Anonymous
asked:
I'm bisexual and I've just started a new school and there are a group of kids on my bus who all talk. They are all nice but one boy keeps making homophobic comments. The other kids react in a kinda 'fuck off' way but don't call him out. He is very loud and makes other sexist comments too. I am not sure how to deal with this or what to do about coming out to the people on my bus since I'm new (in the first week of school), or how to call him out.

Hey! I just want to say good luck starting your new school, and I’m glad it sounds like it’s going well for you so far aside from this part. 

As I’m still in school, closeted, and in a homophobic environment, I somewhat understand what you’re going through here, however, I don’t have any experience calling someone out on their homophobia.

First of all, if you are not comfortable outing yourself or feel uncomfortable with it for any reason, you are not required to call him out. There is a certain anxiety that in my experience closeted people tend to feel, that’s like “I’m not in a position to come out, and expressing support for anything that goes against the norm of society could get me outed.” That’s a valid feeling and worry. 

If you do decide to call him out on it yourself, you aren’t required to be polite about it. You can literally just tell him “Hey, as your Resident Token Bisexual, shut up!” in a really sarcastic voice. 

You could also talk to the others about it first when he’s not around. Maybe say to one of them “Hey, I’m bisexual, and the comments he makes about being gay make me feel uncomfortable. Have you guys ever said anything to him about it?” 

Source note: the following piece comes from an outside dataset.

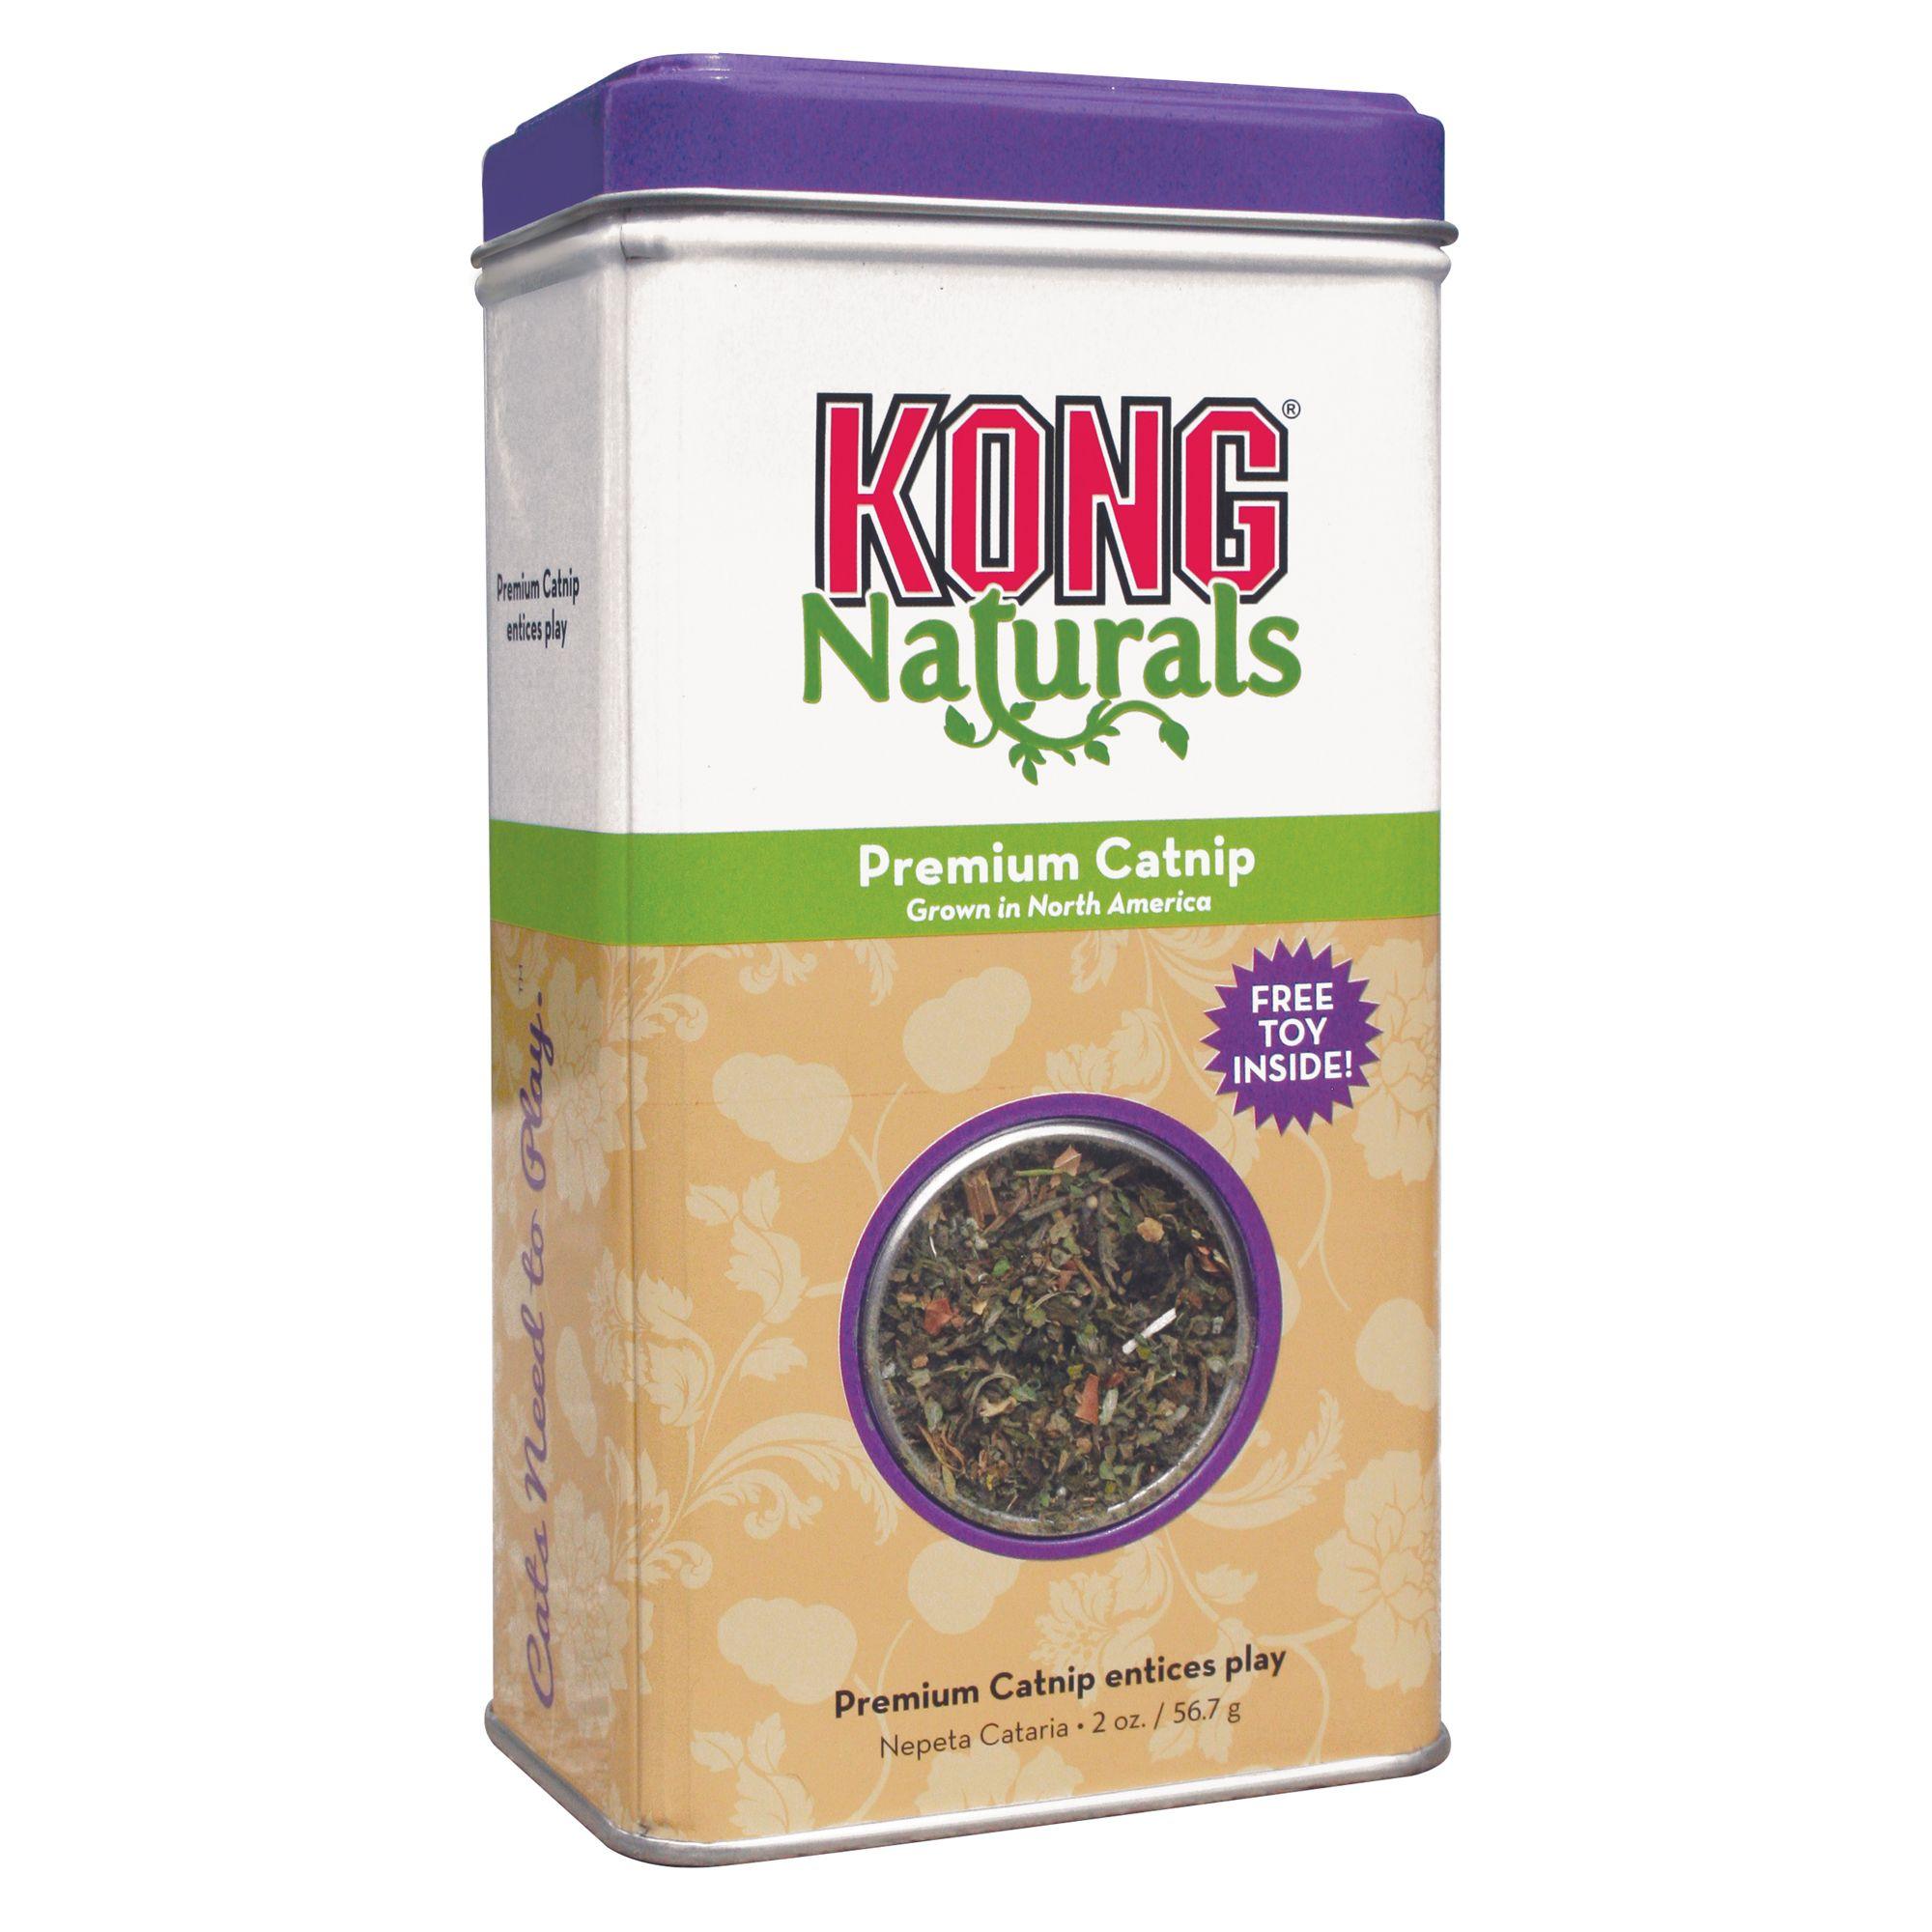 Kong® Premium Catnip size: 2 Oz 5159769
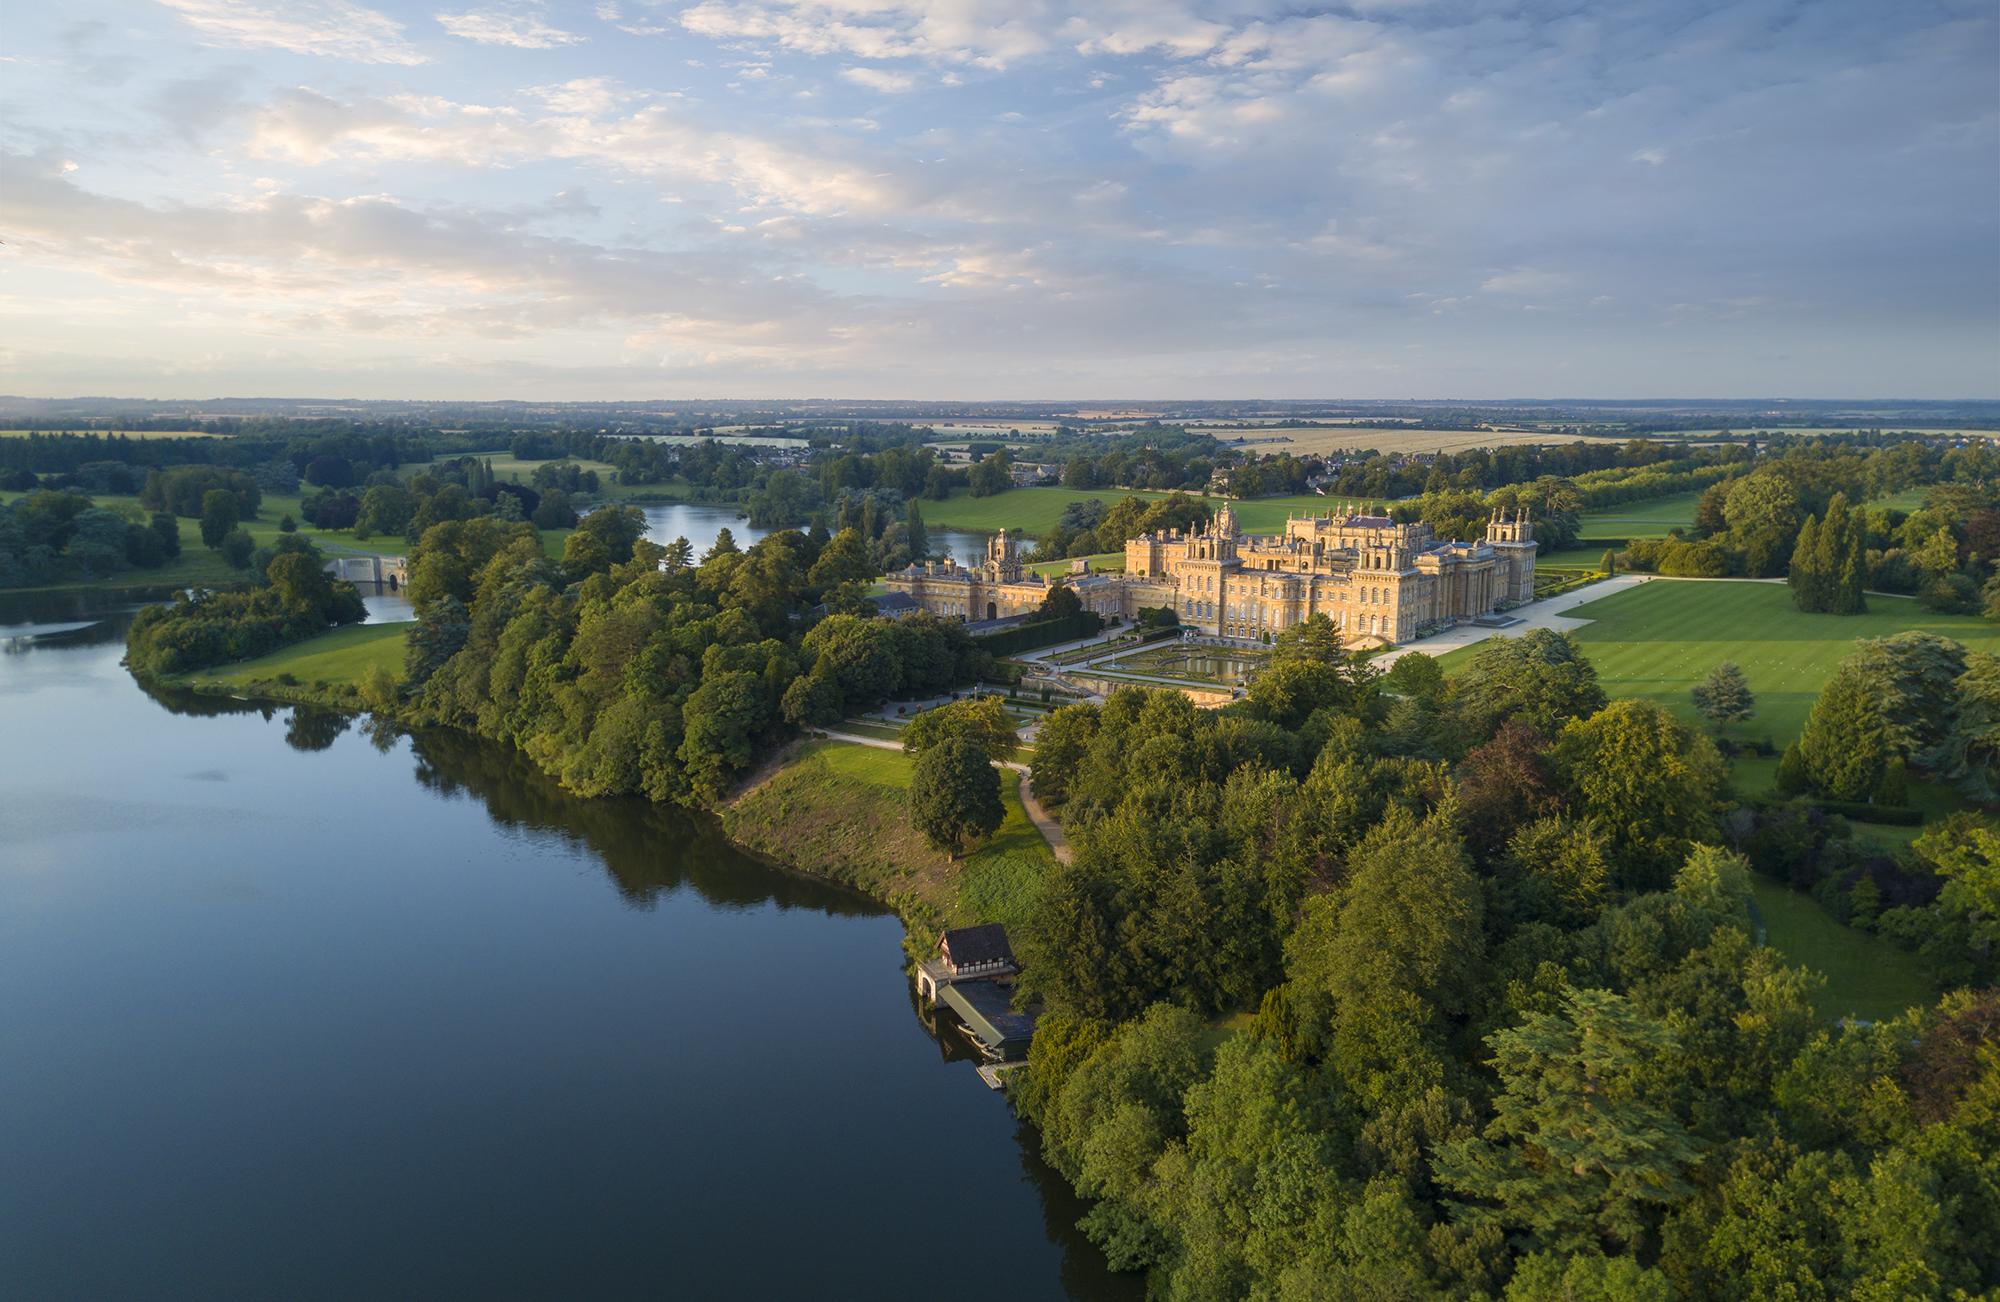 Blenheim Palace 2017

The downside though is that calling someone out often makes them put you into the position of the Educator. The expect you to educate them all about LGBT+ stuff and why something’s wrong, and if you decline people may act like “oh well if it mattered so much to you you’d tell me!”

It honestly comes down to how comfortable do you feel calling him out, do you want to come out or not (though coming out isn’t required to call someone out on their behavior), or just sort of dealing with it? 

This is honestly just some food for thought when making a decision. Followers, do you have any advice?